## About this task
The answer is to be the lines below that lie between the line holding "Light Meeting needle" and the line holding "A Federal style", inclusive, transcribed exactly and free of pictures.

## Excerpted records
-*-
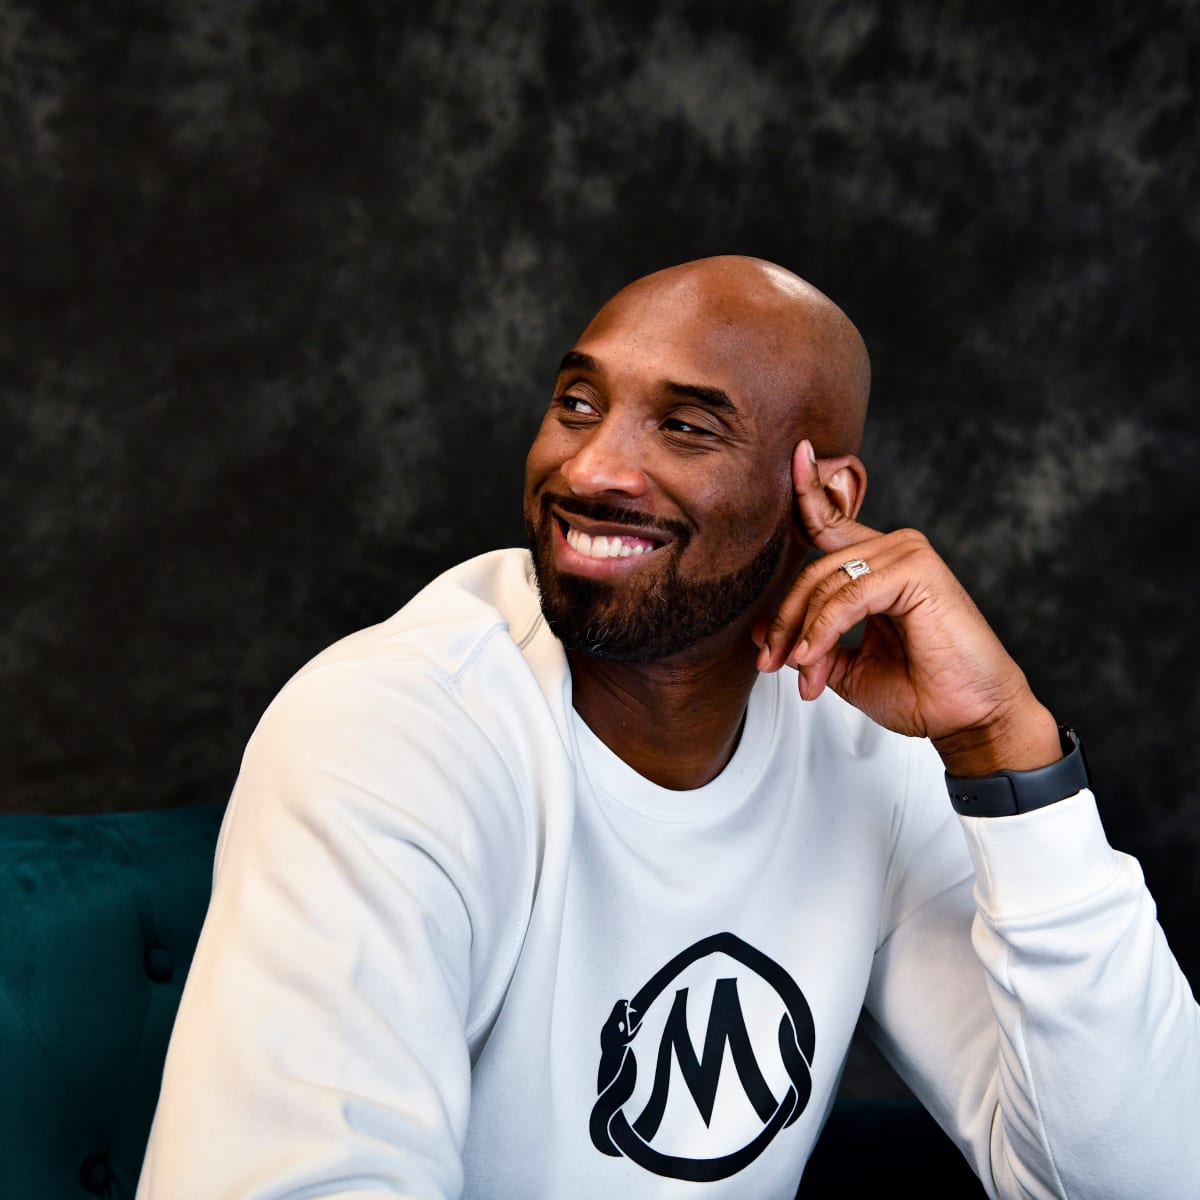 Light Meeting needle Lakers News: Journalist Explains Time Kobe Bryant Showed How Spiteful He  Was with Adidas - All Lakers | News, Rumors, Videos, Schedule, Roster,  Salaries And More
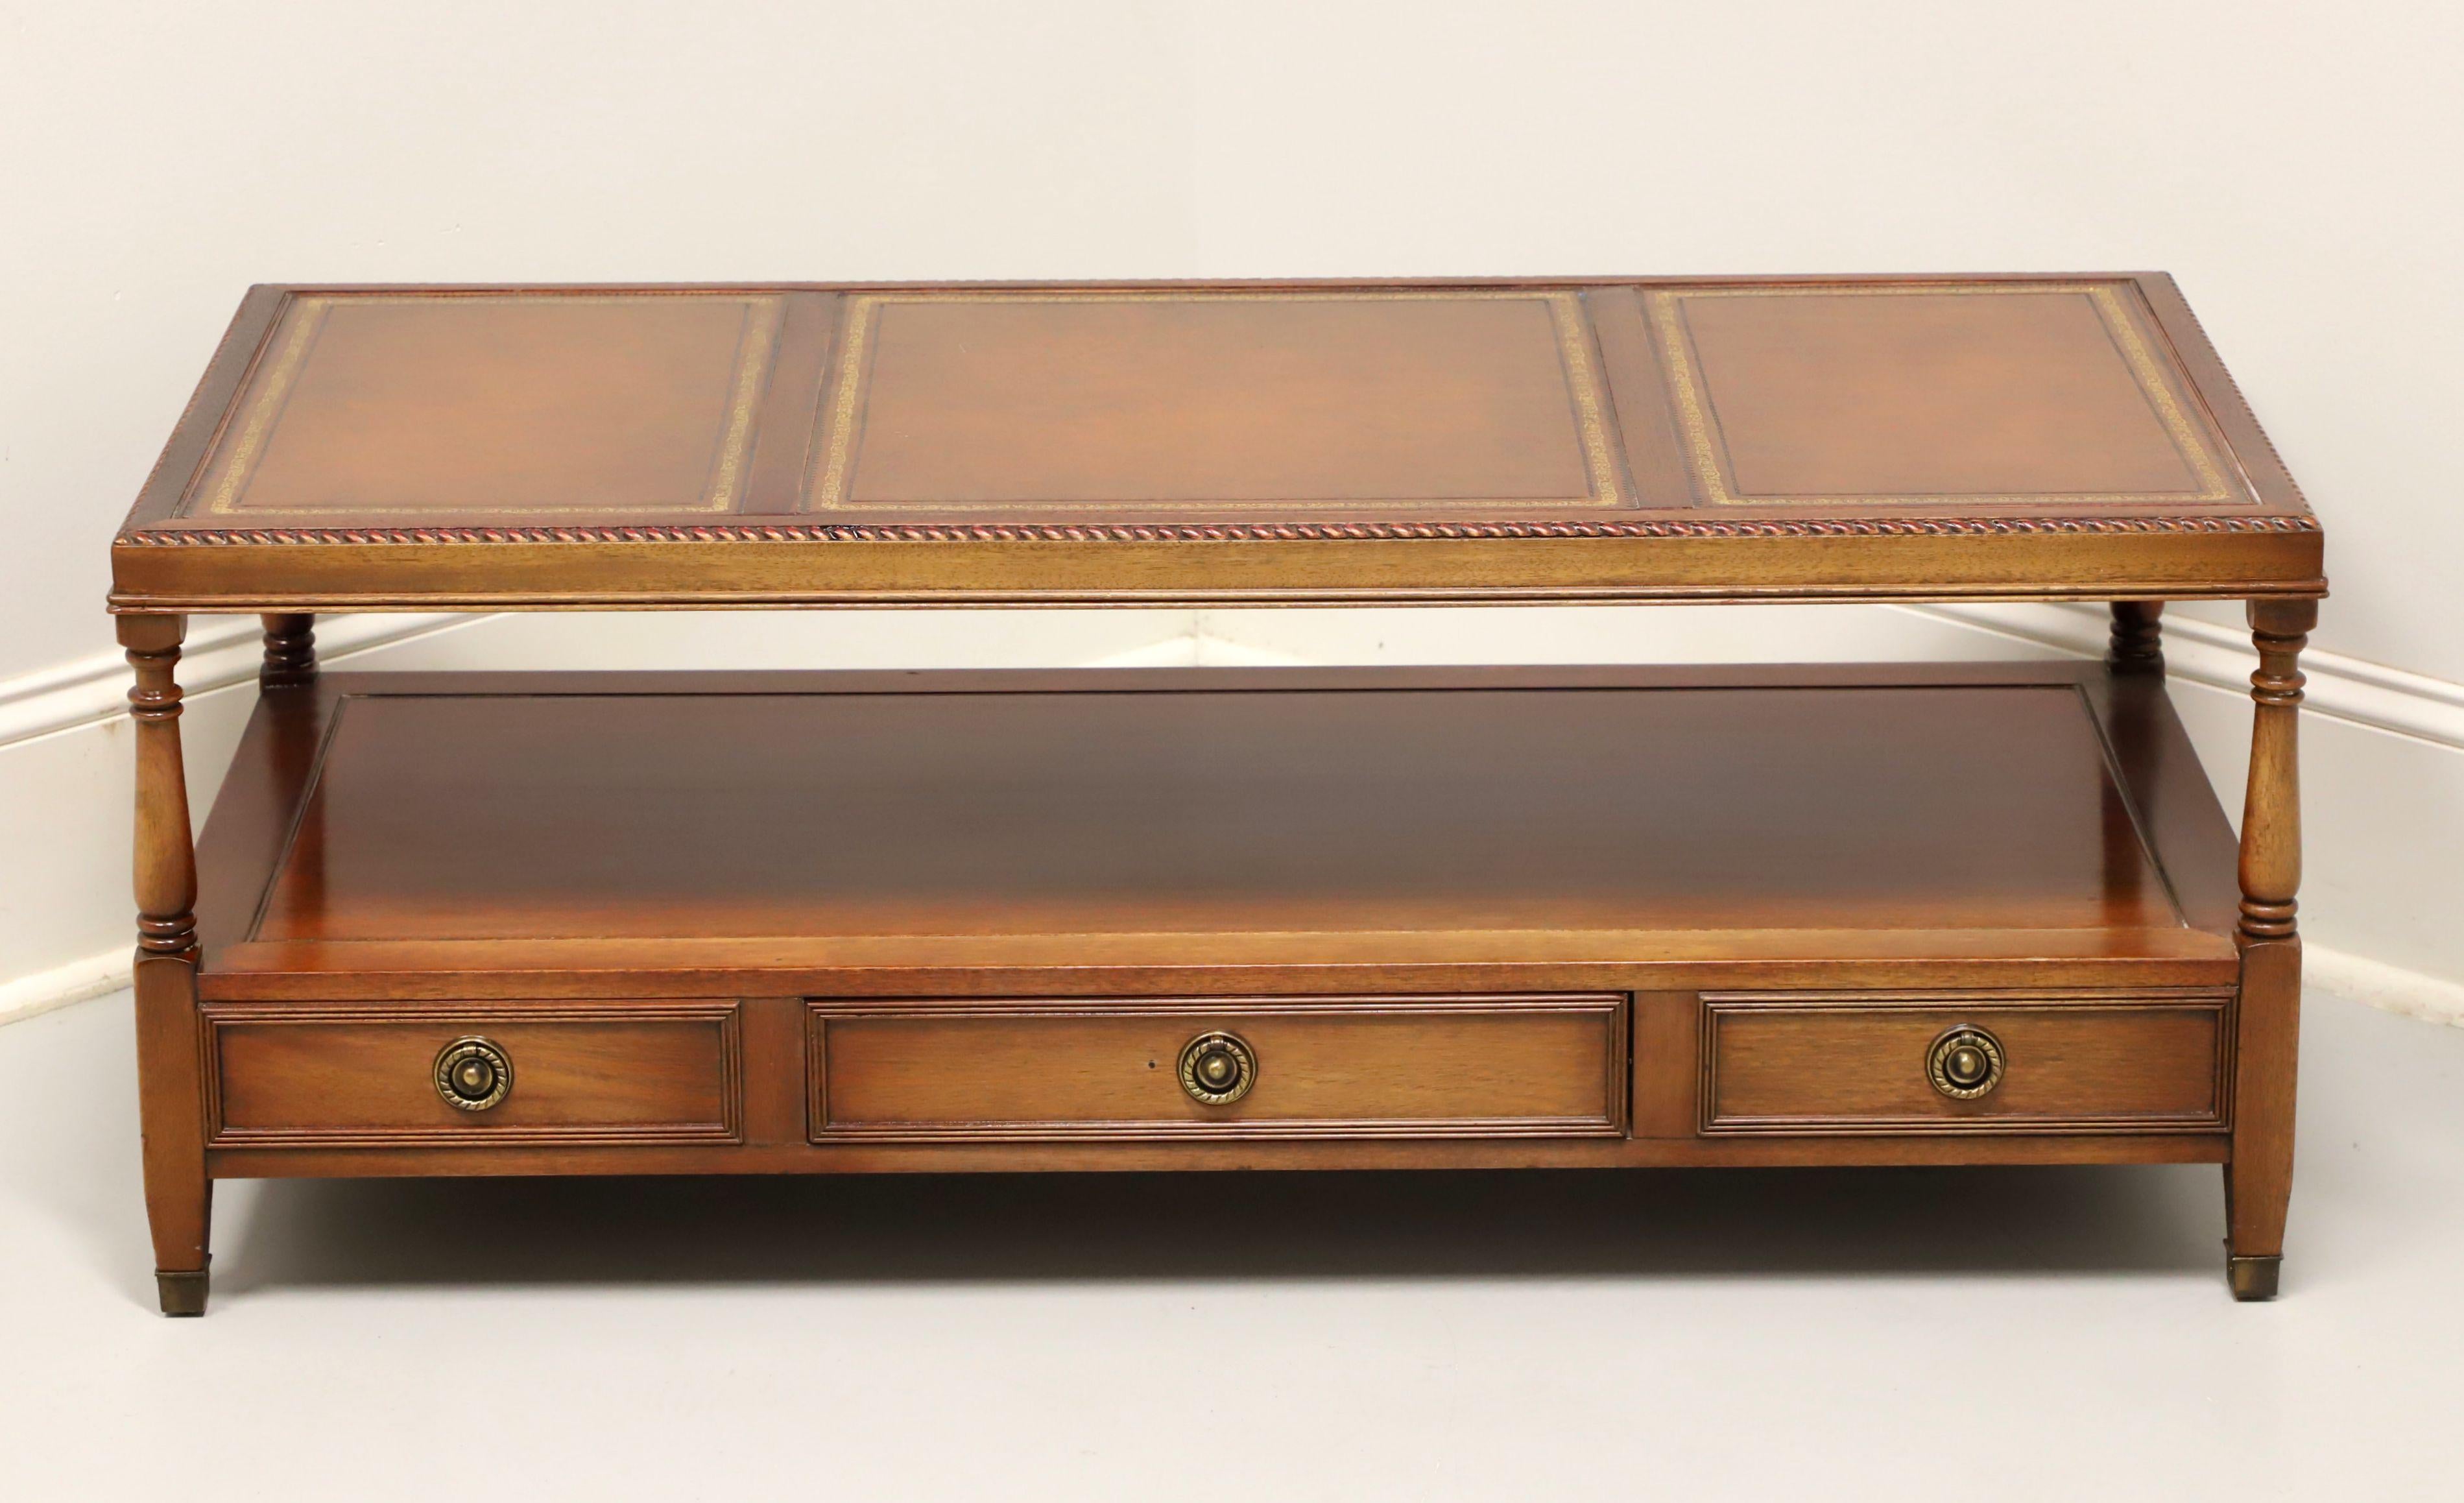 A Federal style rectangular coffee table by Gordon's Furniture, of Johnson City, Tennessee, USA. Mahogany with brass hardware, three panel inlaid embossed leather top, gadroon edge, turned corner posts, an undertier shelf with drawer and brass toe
-*-
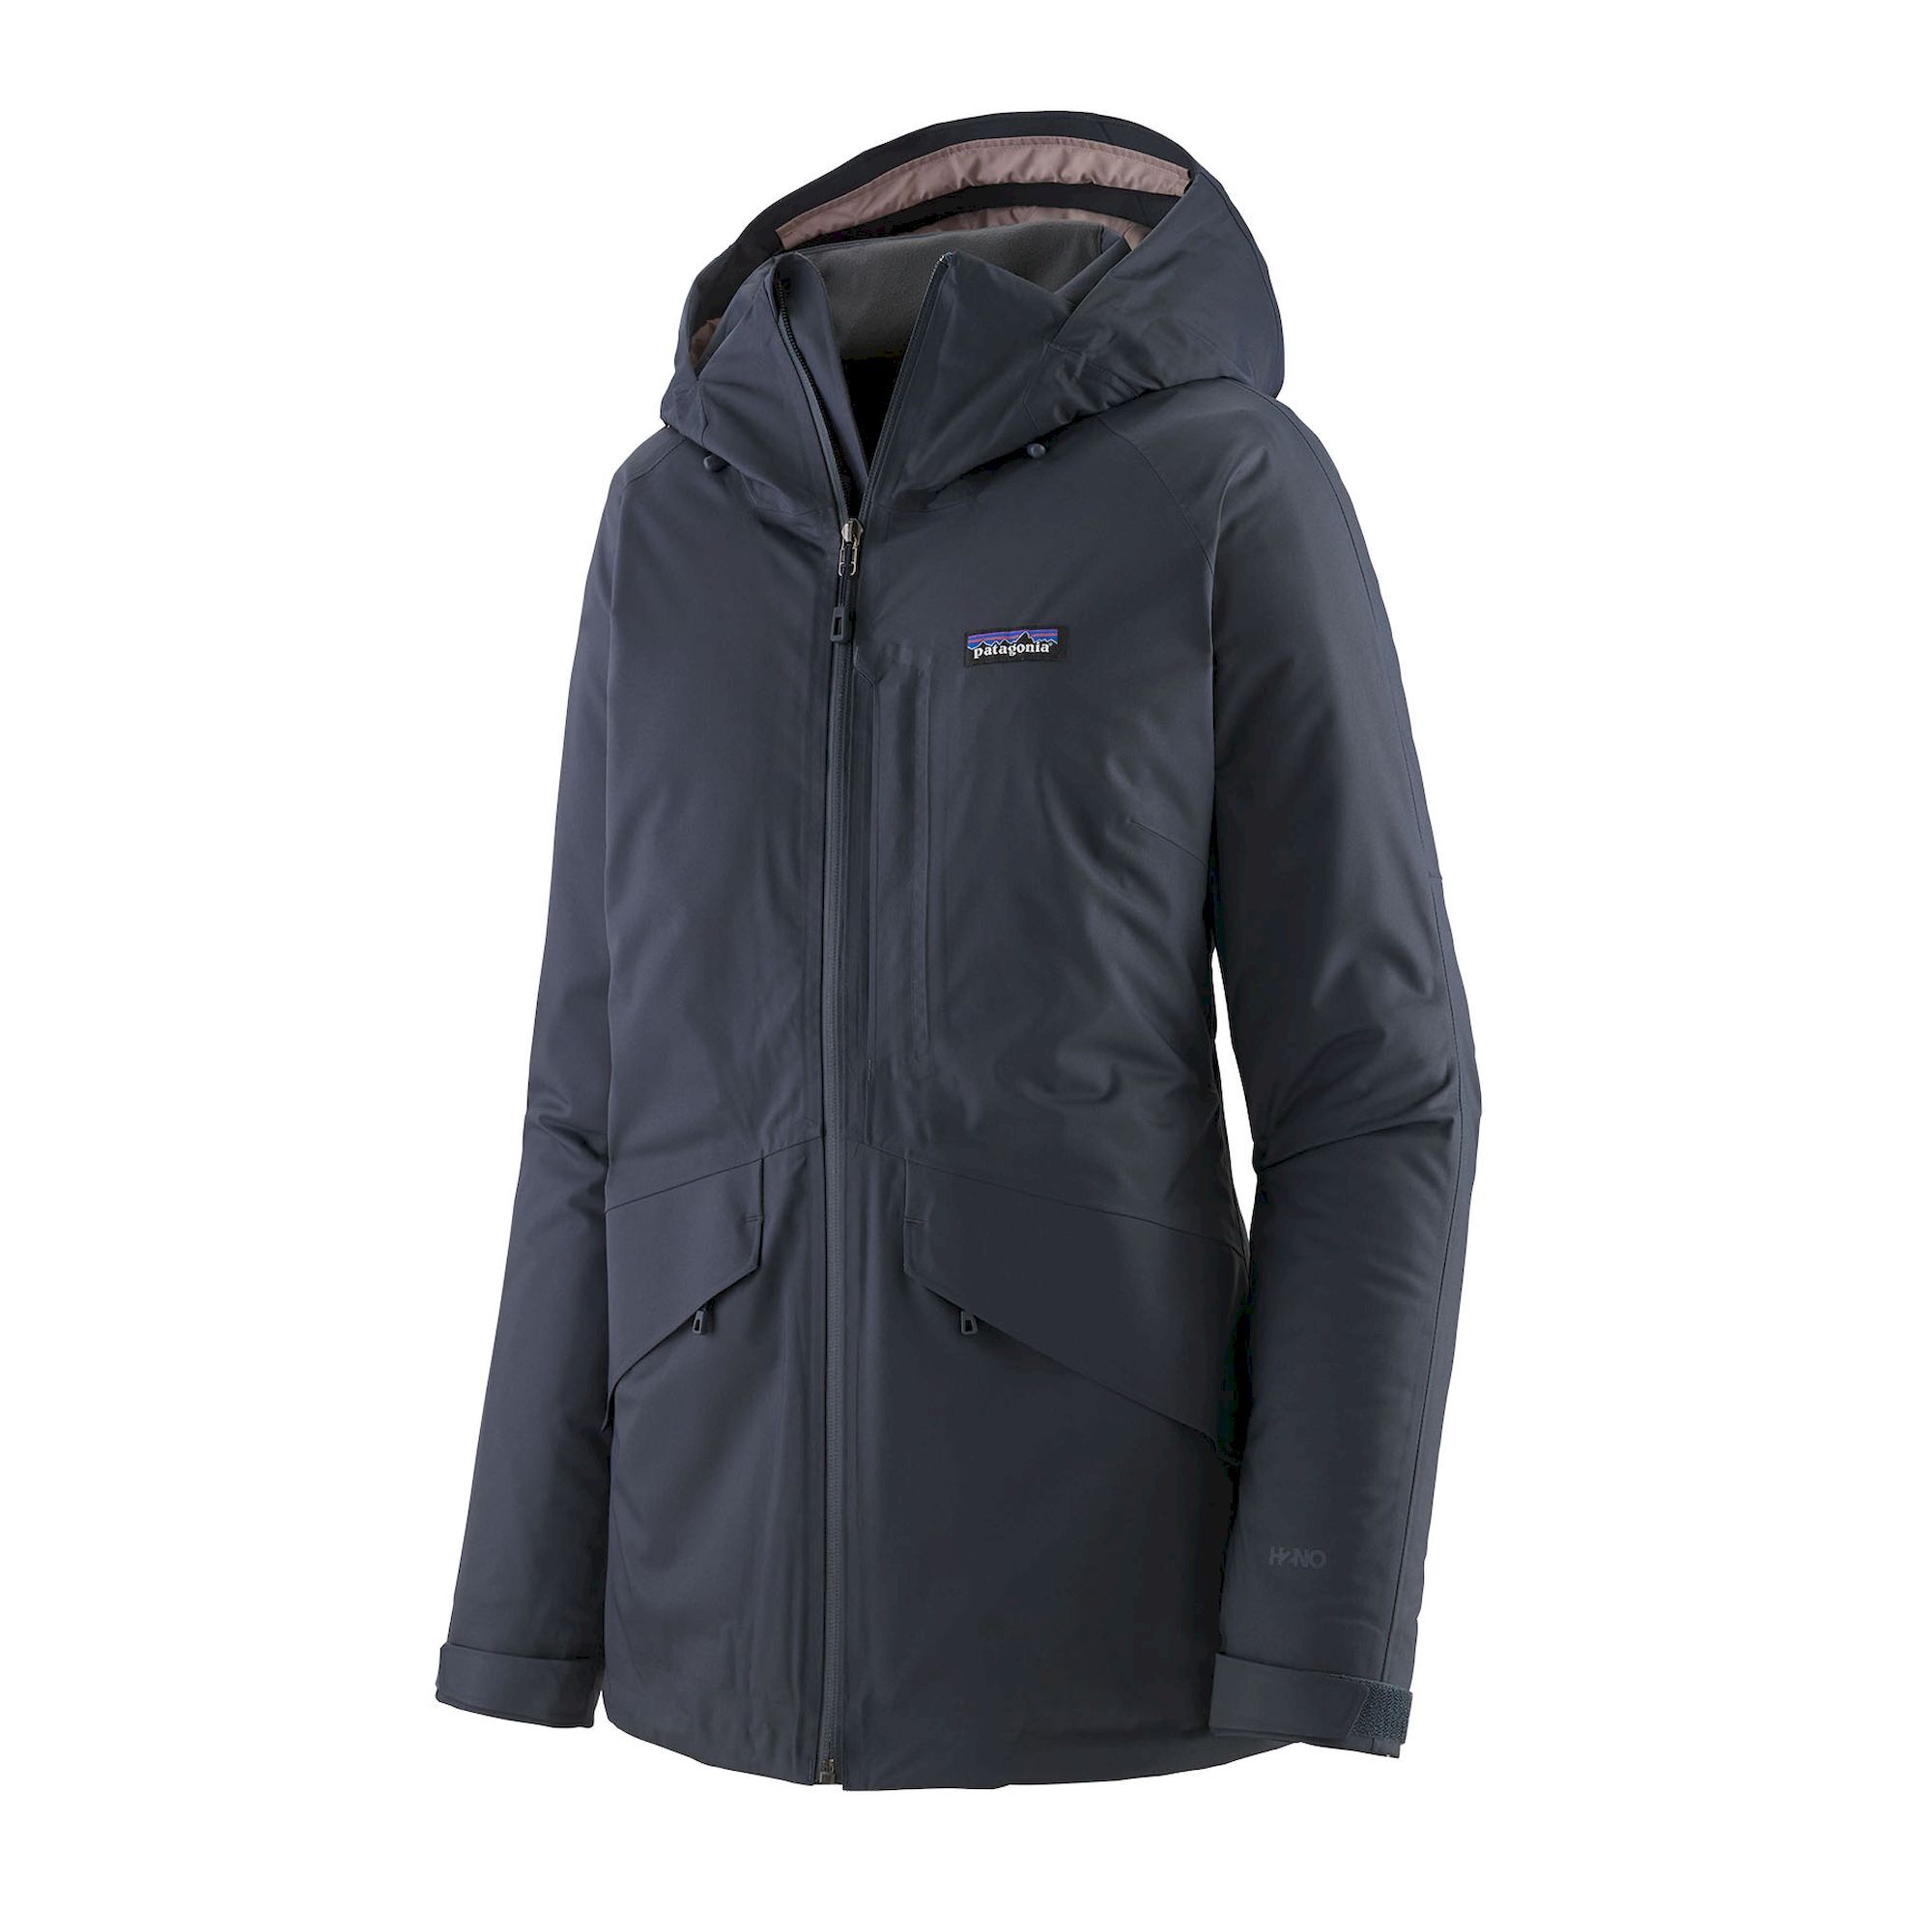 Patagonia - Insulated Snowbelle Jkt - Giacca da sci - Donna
-*-
## Written reply
 Light Meeting needle Lakers News: Journalist Explains Time Kobe Bryant Showed How Spiteful He  Was with Adidas - All Lakers | News, Rumors, Videos, Schedule, Roster,  Salaries And More
 A Federal style rectangular coffee table by Gordon's Furniture, of Johnson City, Tennessee, USA. Mahogany with brass hardware, three panel inlaid embossed leather top, gadroon edge, turned corner posts, an undertier shelf with drawer and brass toe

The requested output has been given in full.